Thanks - might try that ... I was about to download it direct, bypassing update, but using that route it offered multiple download files and advised not to do it that way for a single PC .....but if that's the only way to do it ... might be worth it. All other updates have installed OK but I noticed the readiness tool update had been released specifically because there were problems with the service pack update ...!


----------



## MCROZ (Jan 1, 2003)

Tried everything - still won't install. Doing it outside Windows Update takes many many many minutes and then fails with 

ERROR_SYS_COMPONENT_STORE_CORRUPT(0x80073712)

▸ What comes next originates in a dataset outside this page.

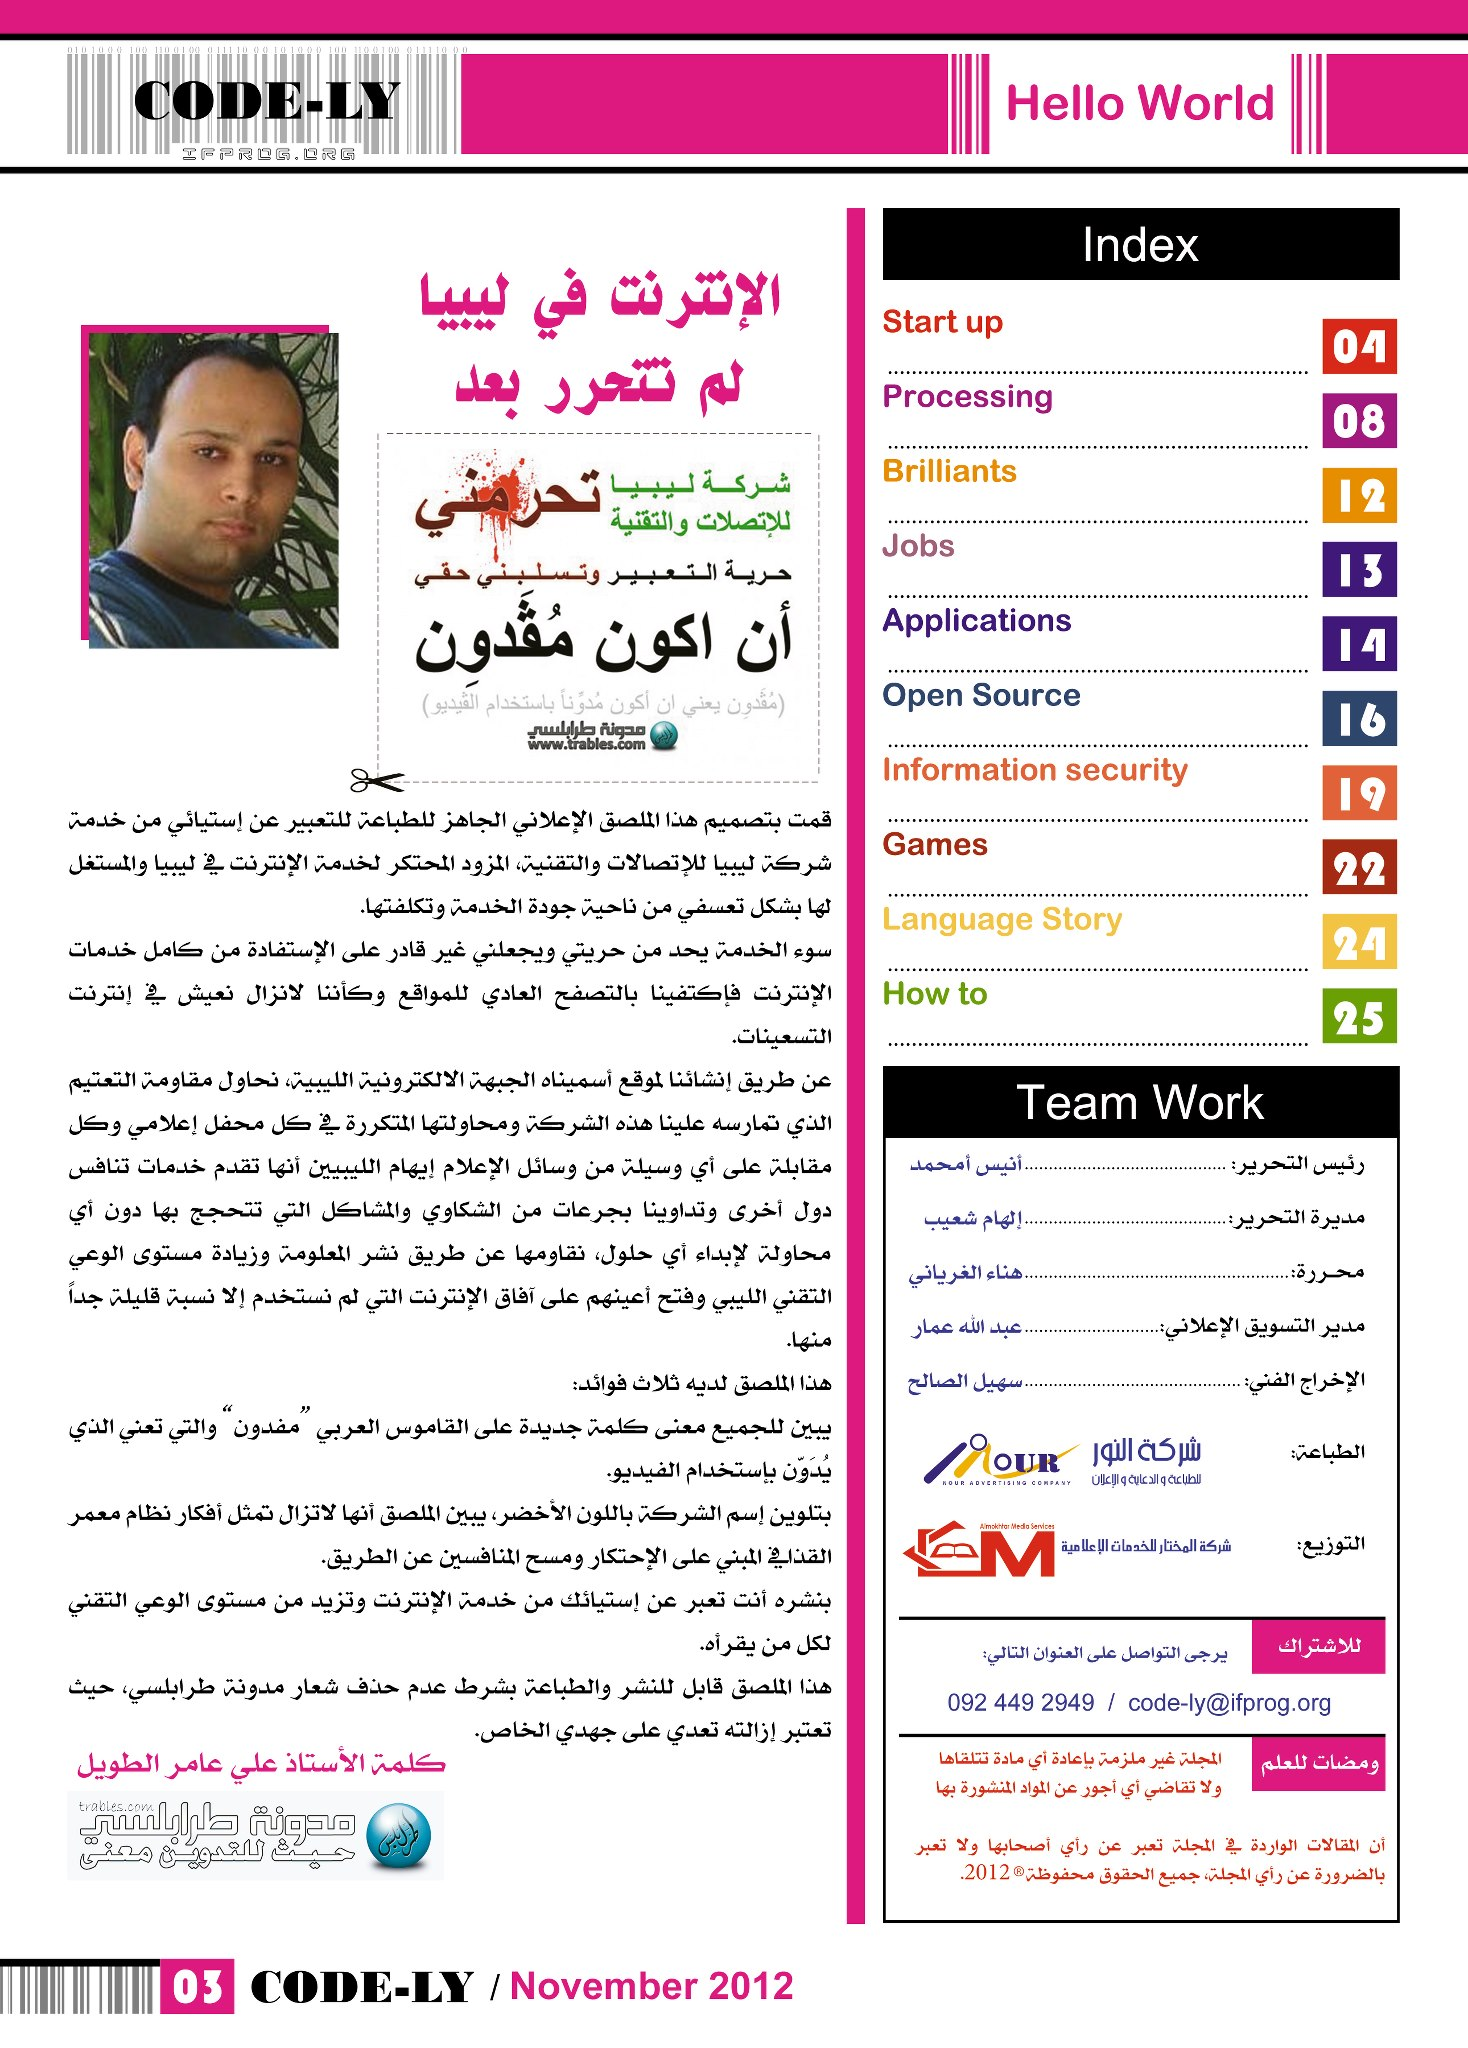 كلمة العدد لمجلة الشيفرة الليبية

Seems to be a known problem which is why MS presumably released the System Update Readiness Tool - but the related hotfix that provides doesn't make any difference - nether does "repairing" Update using any obvious method including the MS "fixit" button and the troubleshooter within control panel - both apparanetly identify problems and repair or fix them but still not ability to instal the SP.

I have seen suggestions elsewhere that the ultimate "fix" is to reinstal Windows - oh yes ha ha very funny and no way I am about to do that.

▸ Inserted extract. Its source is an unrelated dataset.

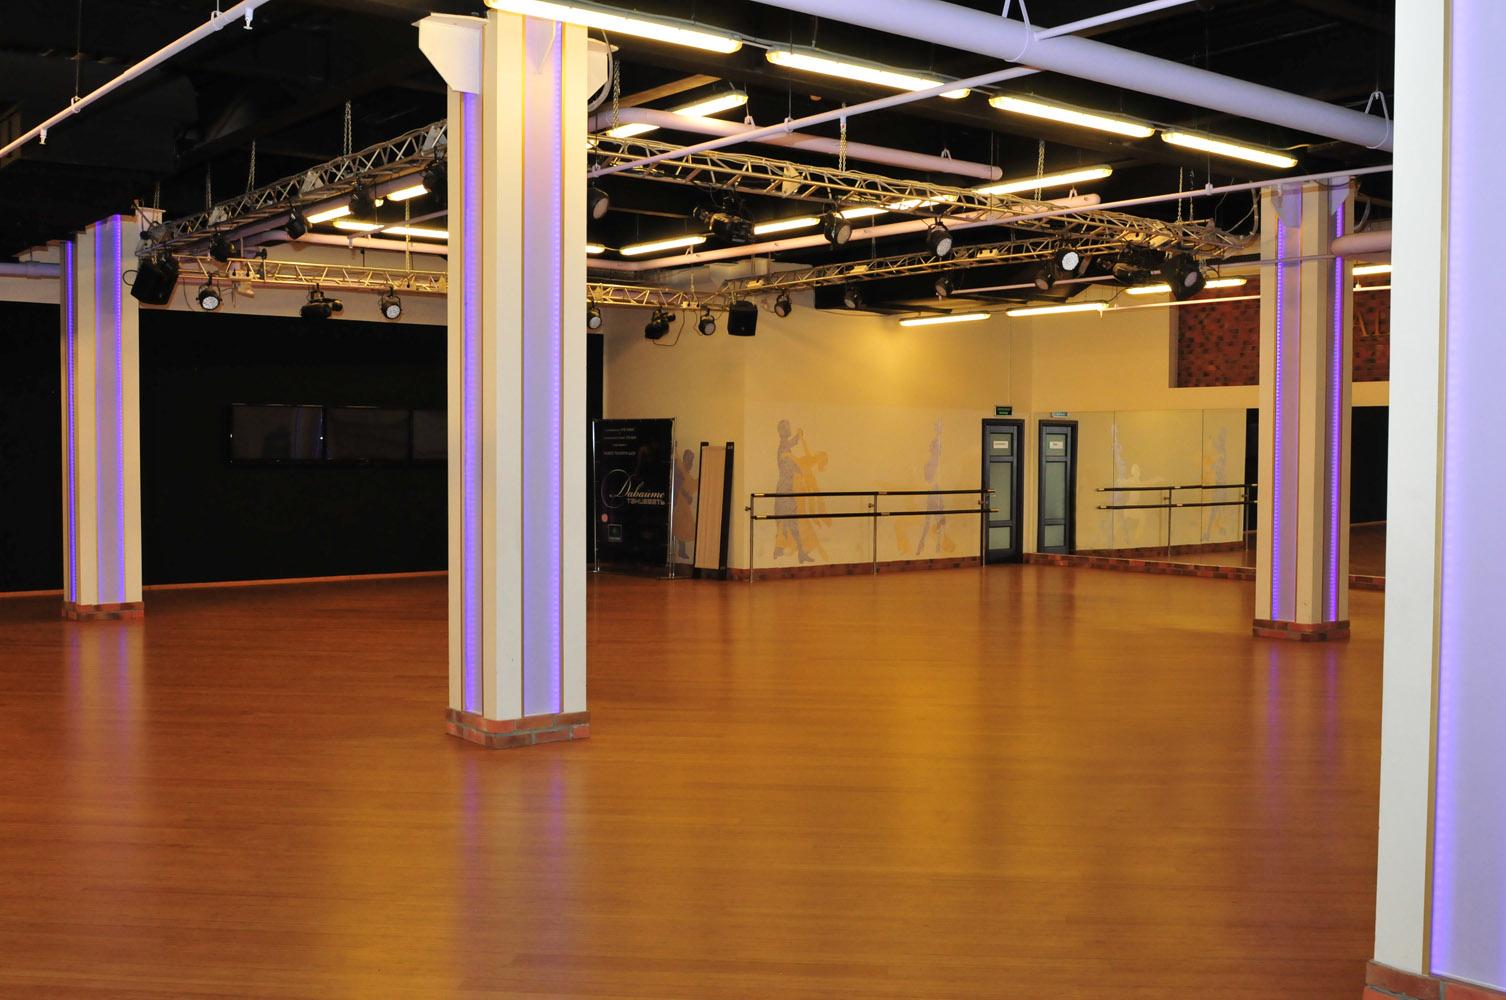 Помещение для студии танцев

I prefer to ignore the servicepack at this point..if it ain't broken etc etc .....

Interested in any other folks experiences with this one....


----------



## TerryNet (Mar 23, 2005)

> Interested in any other folks experiences with this one....


I use Windows Update "notify me when update is available." No trouble--except for one self-induced glitch--installing SP1 on 2 systems (one 64-bit) plus two virtual machine guest systems.


----------



## MCROZ (Jan 1, 2003)

MS Security Essentials runing full time. I have Spybot but I only run it periodically.


----------



## TerryNet (Mar 23, 2005)

Spybot implies you may have Teatimer running all the time. I do not trust it (not malicious, it just seems to mess up too much). I stopped using Spybot Search & Destroy 'cause I got tired of uninstalling Teatimer.


----------



## MCROZ (Jan 1, 2003)

OK - so if I uninstall Spybot will that also uninstall teatimer ? You are right - seems teatimer is running (according to task manager) even if I'm not running a spybot check ....


----------



## TerryNet (Mar 23, 2005)

I didn't realize that we were in tirta's thread, so I moved the above 3 posts over here. It was too long ago for my feeble mind to remember, but I'm pretty sure I uninstalled Teatimer by itself. See if it has an entry in Programs and Features.

For those who may be confused by the sudden change in direction I had asked (in the other person's thread) about security applications and had hypothesized that one may be interfering with SP1 installation. The OP hasn't responded, but MCROZ did, and that's how we got to this point.


----------